Task objective: Please retype the listing below word for word and exclude its images.

Supplied material:
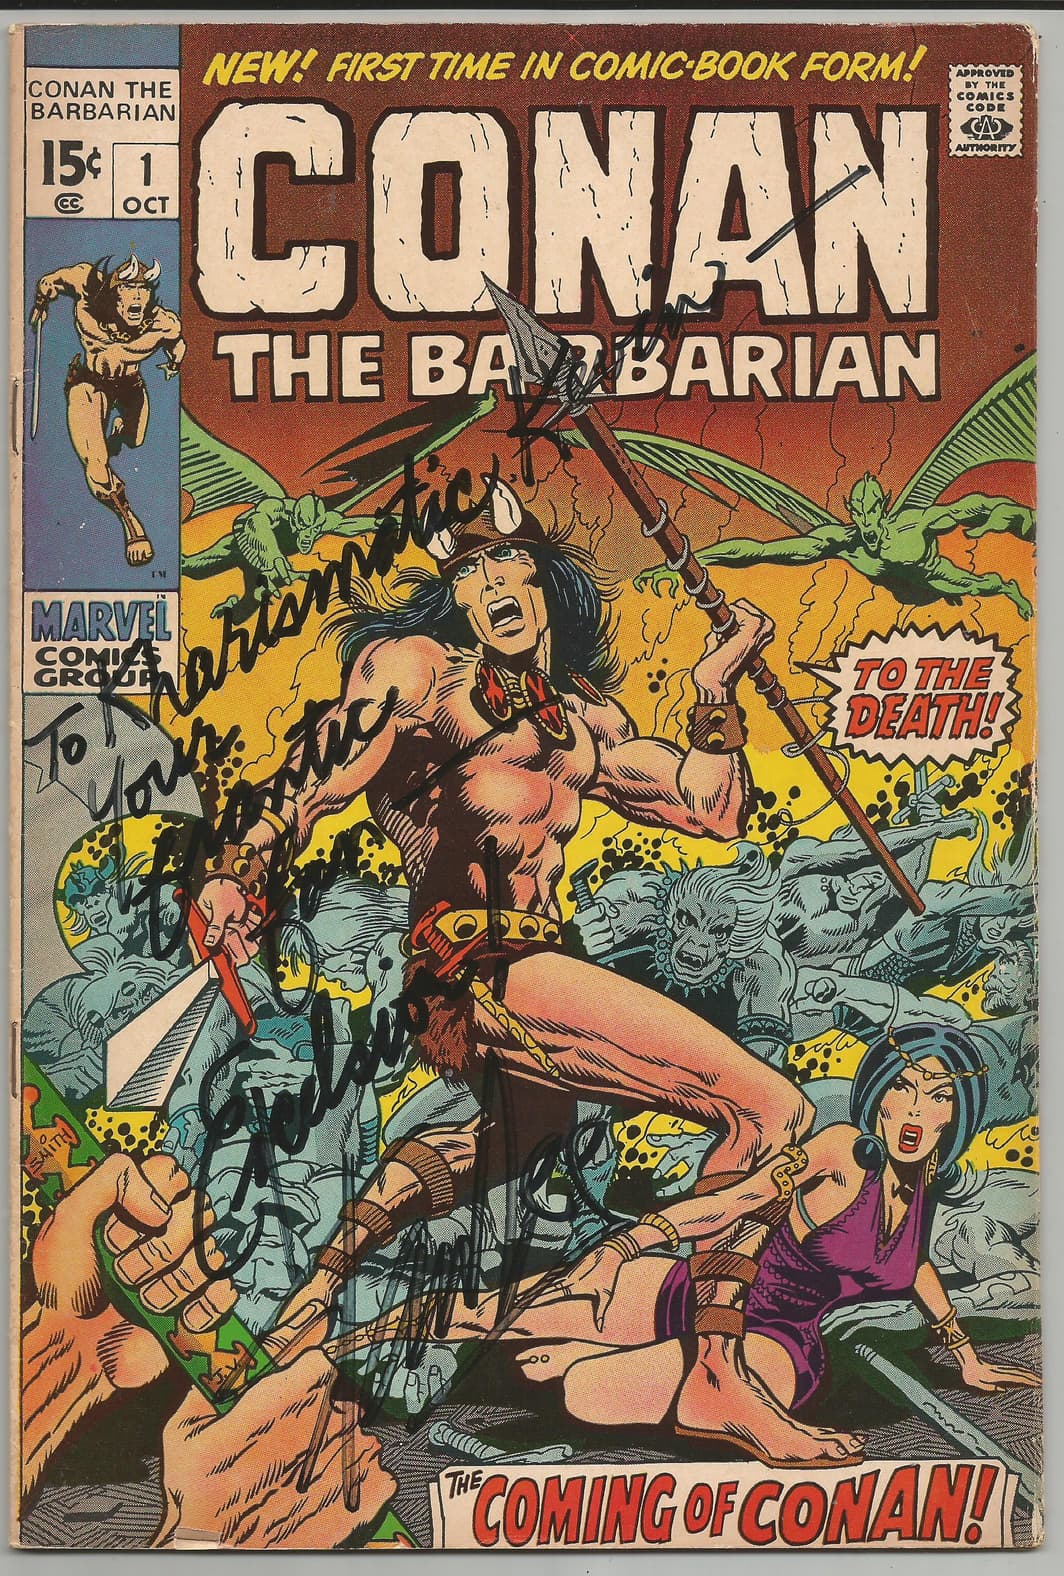 Kevin Eastman's copy of Conan the Barbarian #1, signed by Stan Lee
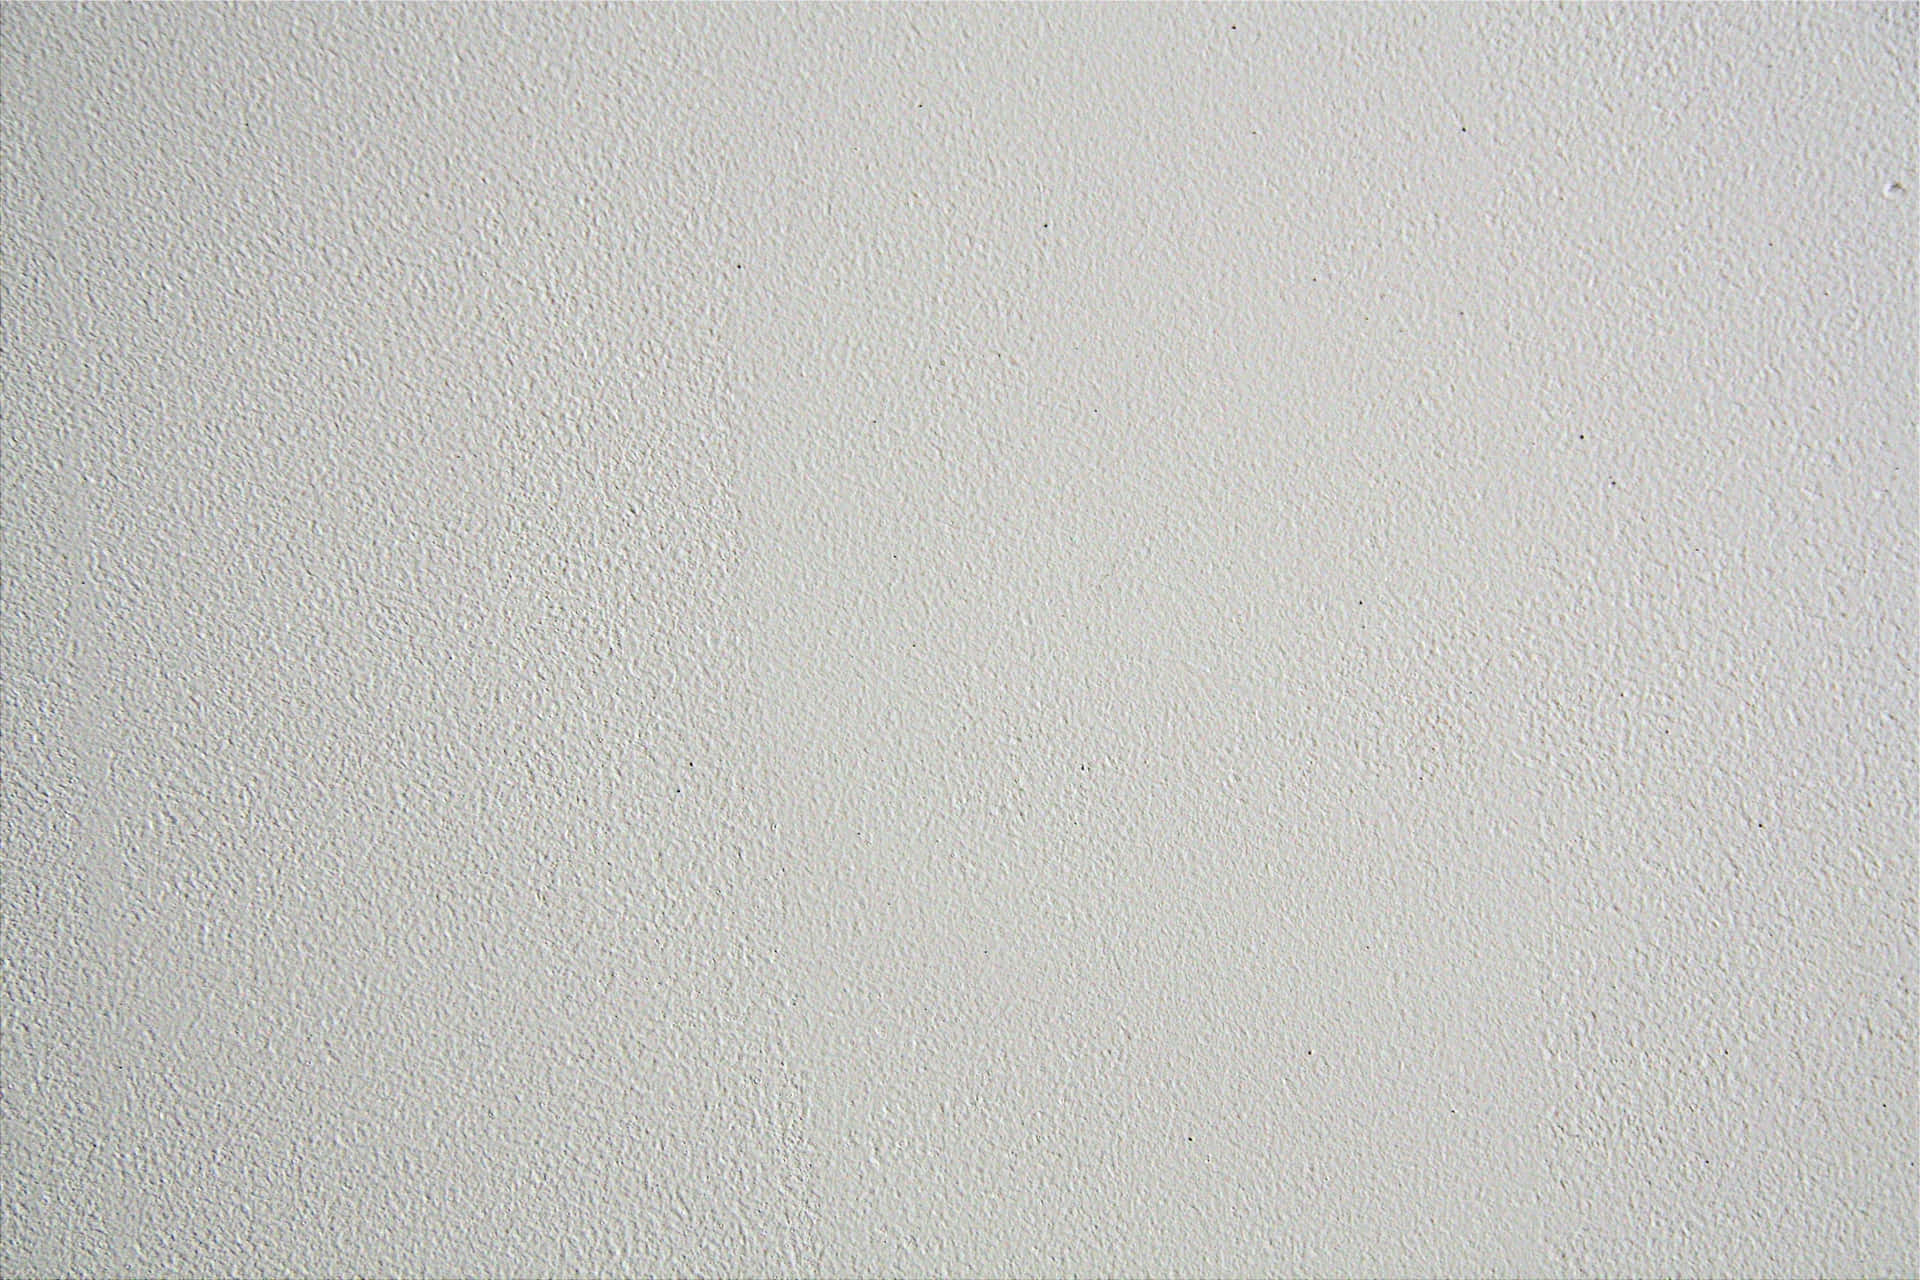 Immaculate White Wall in High-Definition
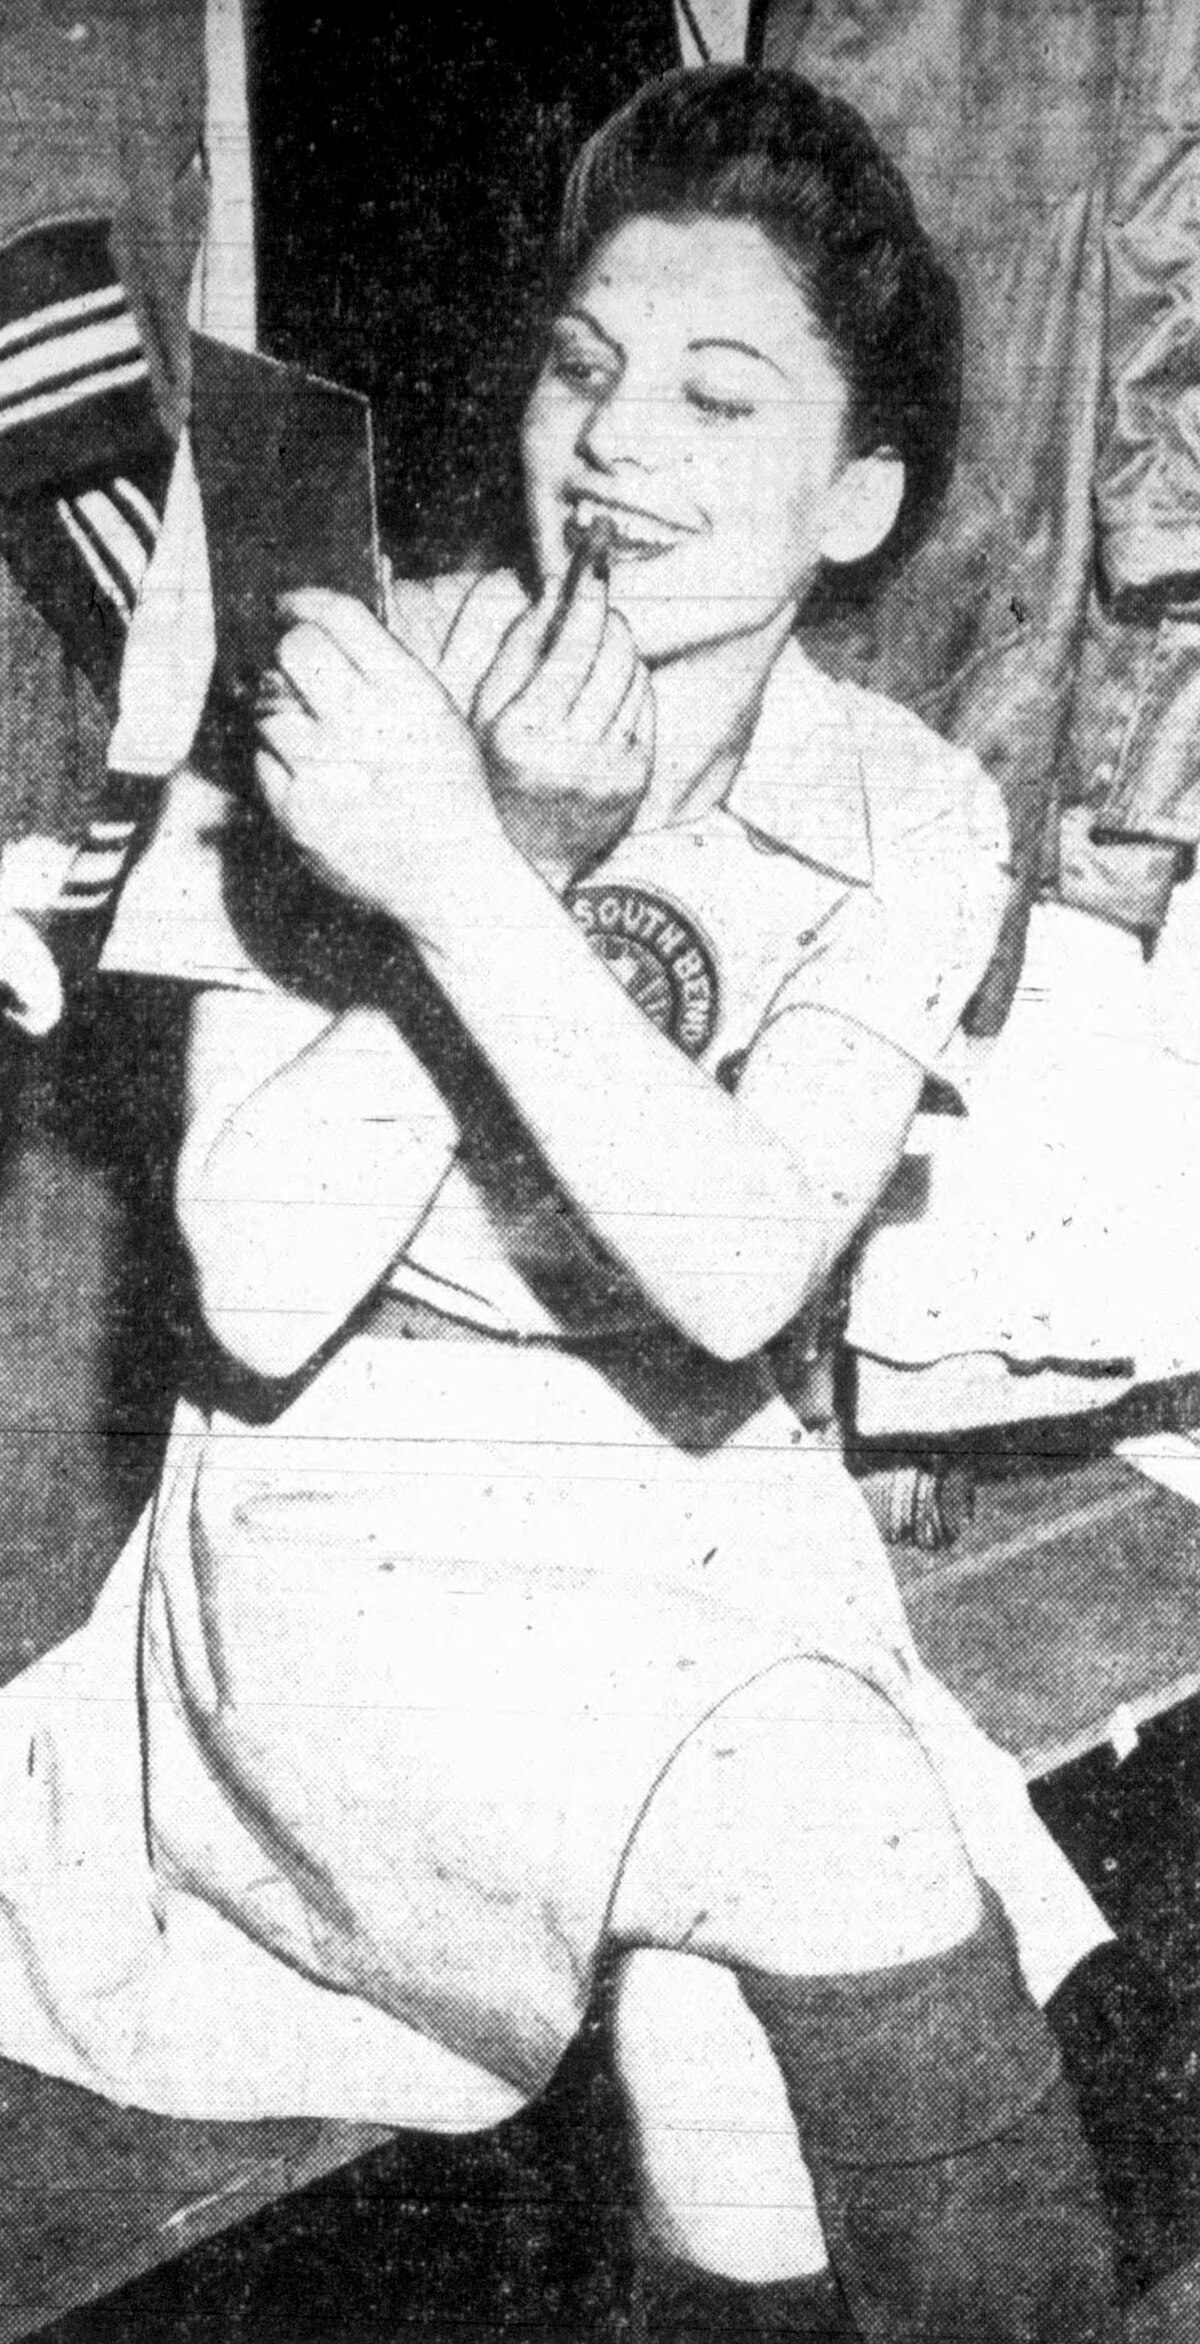 AAGPBL Article: AAGPBL: First Four Seasons - 1943 to 1946

Response to the exercise:
 Kevin Eastman's copy of Conan the Barbarian #1, signed by Stan Lee
 Immaculate White Wall in High-Definition
 AAGPBL Article: AAGPBL: First Four Seasons - 1943 to 1946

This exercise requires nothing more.